Data shown =
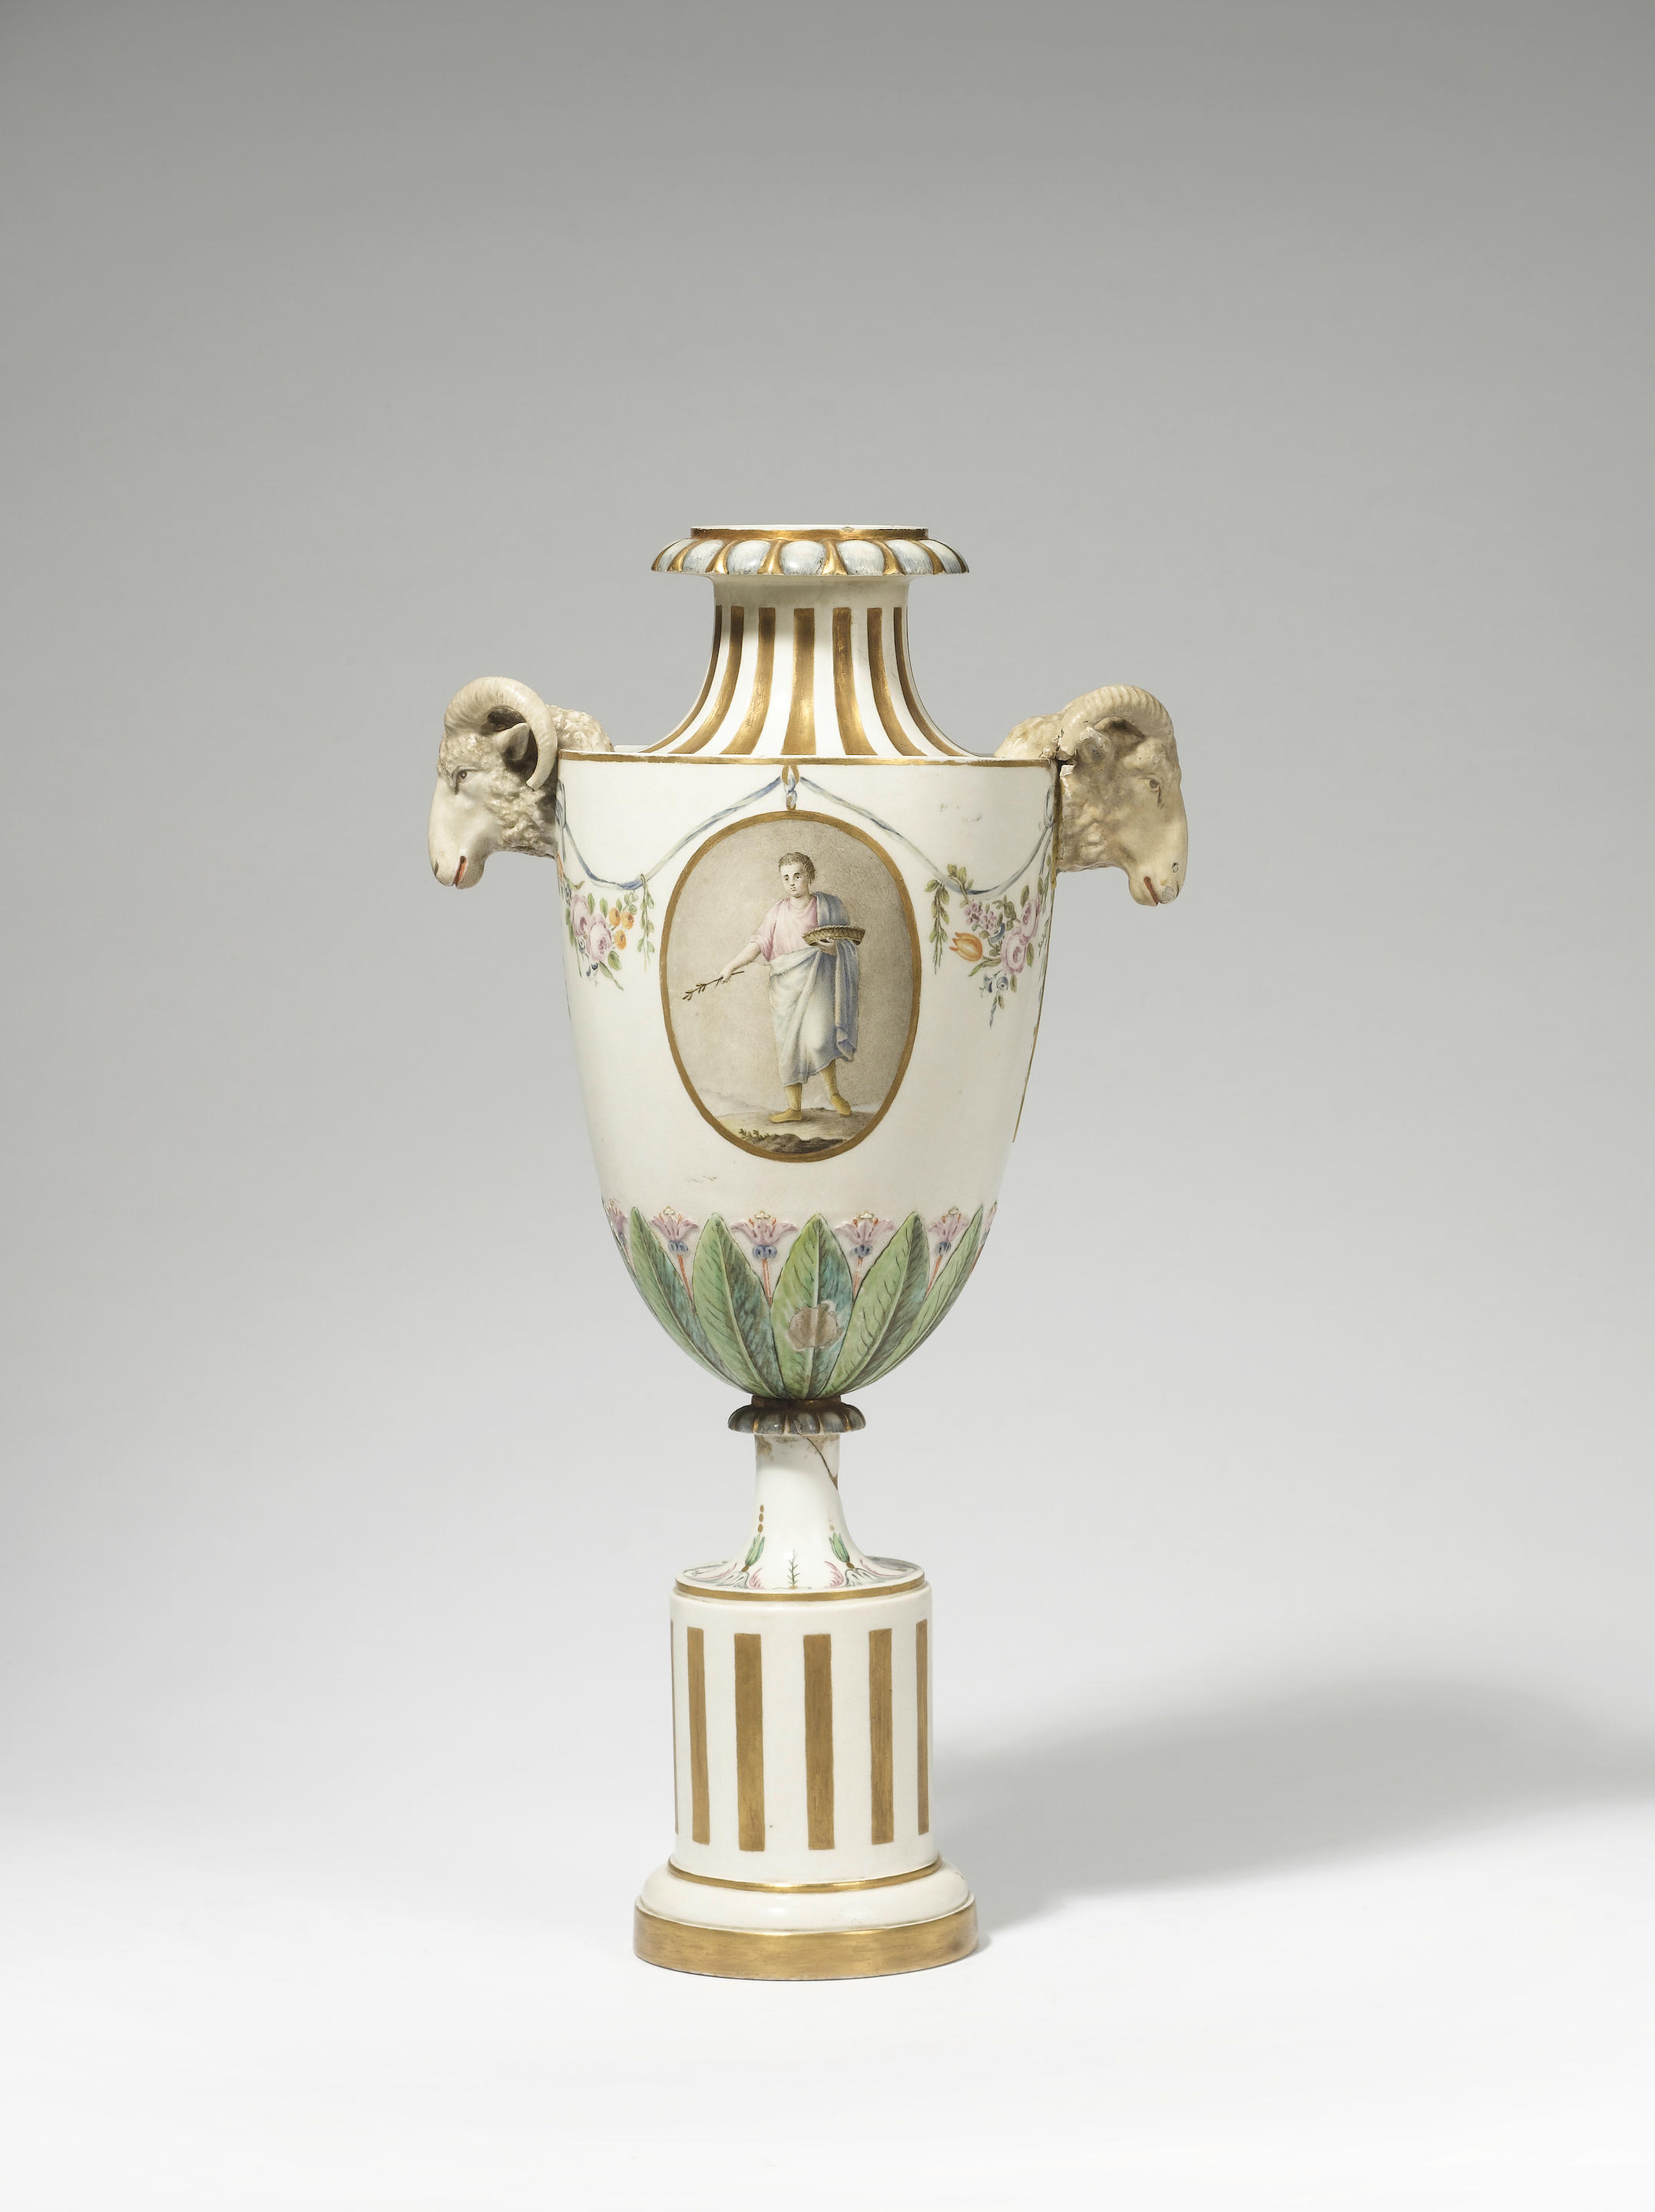 An impressive Buen Retiro porcelain vase
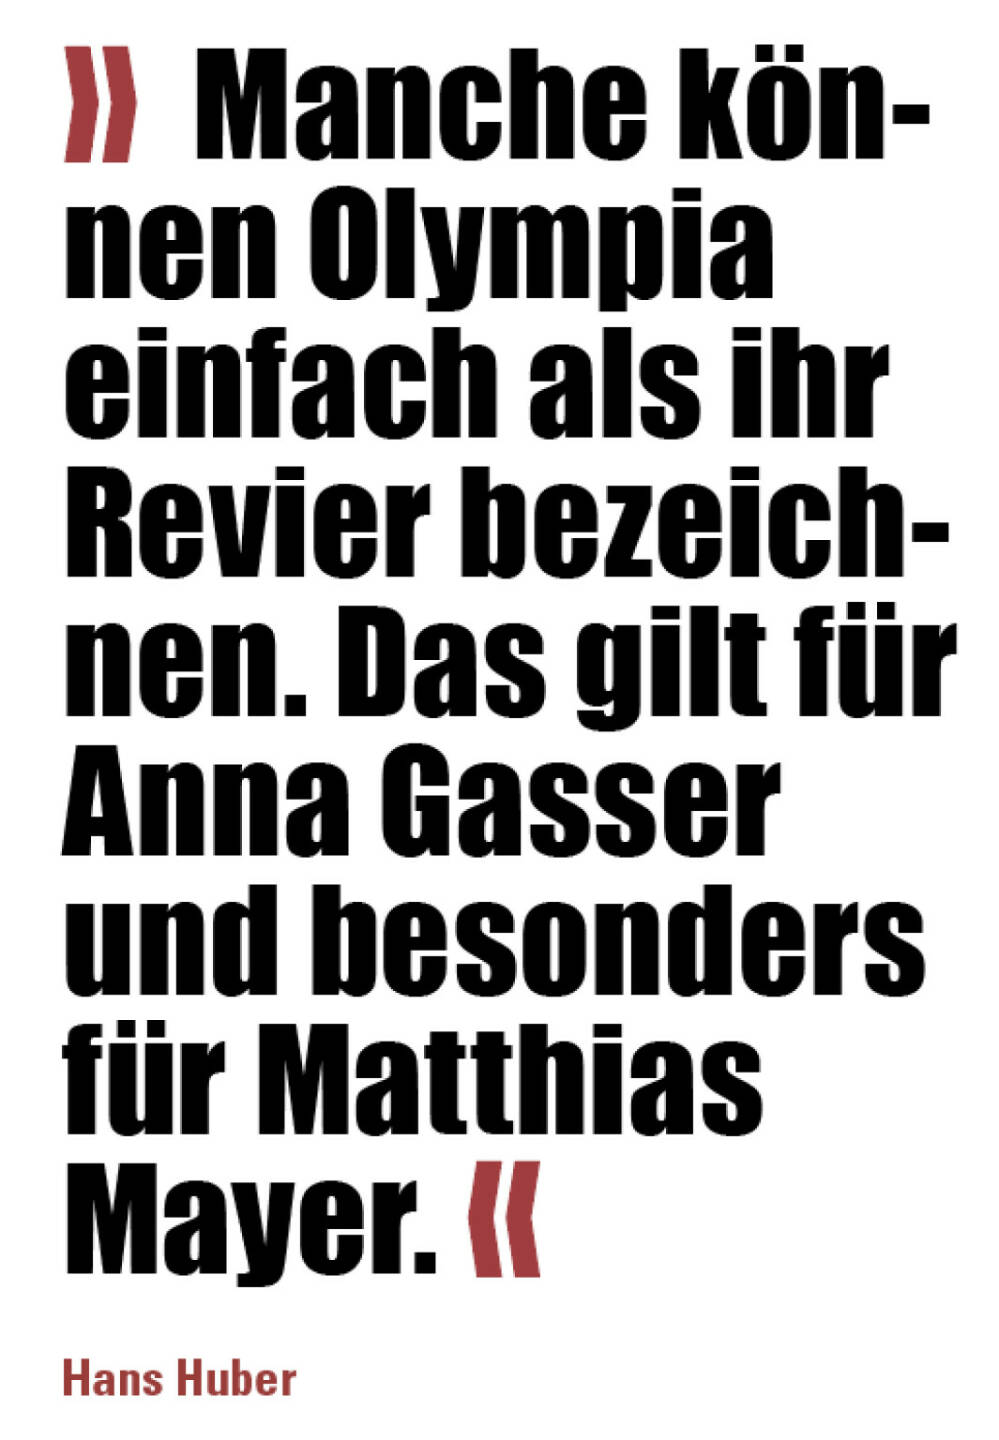 »  Manche können Olympia einfach als ihr Revier bezeichnen. Das gilt für Anna Gasser und besonders für Matthias Mayer. «
Hans Huber

Exercise directions =
Restate the whole listing word for word. Omit the pictures.

Exercise solution =
 An impressive Buen Retiro porcelain vase
 »  Manche können Olympia einfach als ihr Revier bezeichnen. Das gilt für Anna Gasser und besonders für Matthias Mayer. «
Hans Huber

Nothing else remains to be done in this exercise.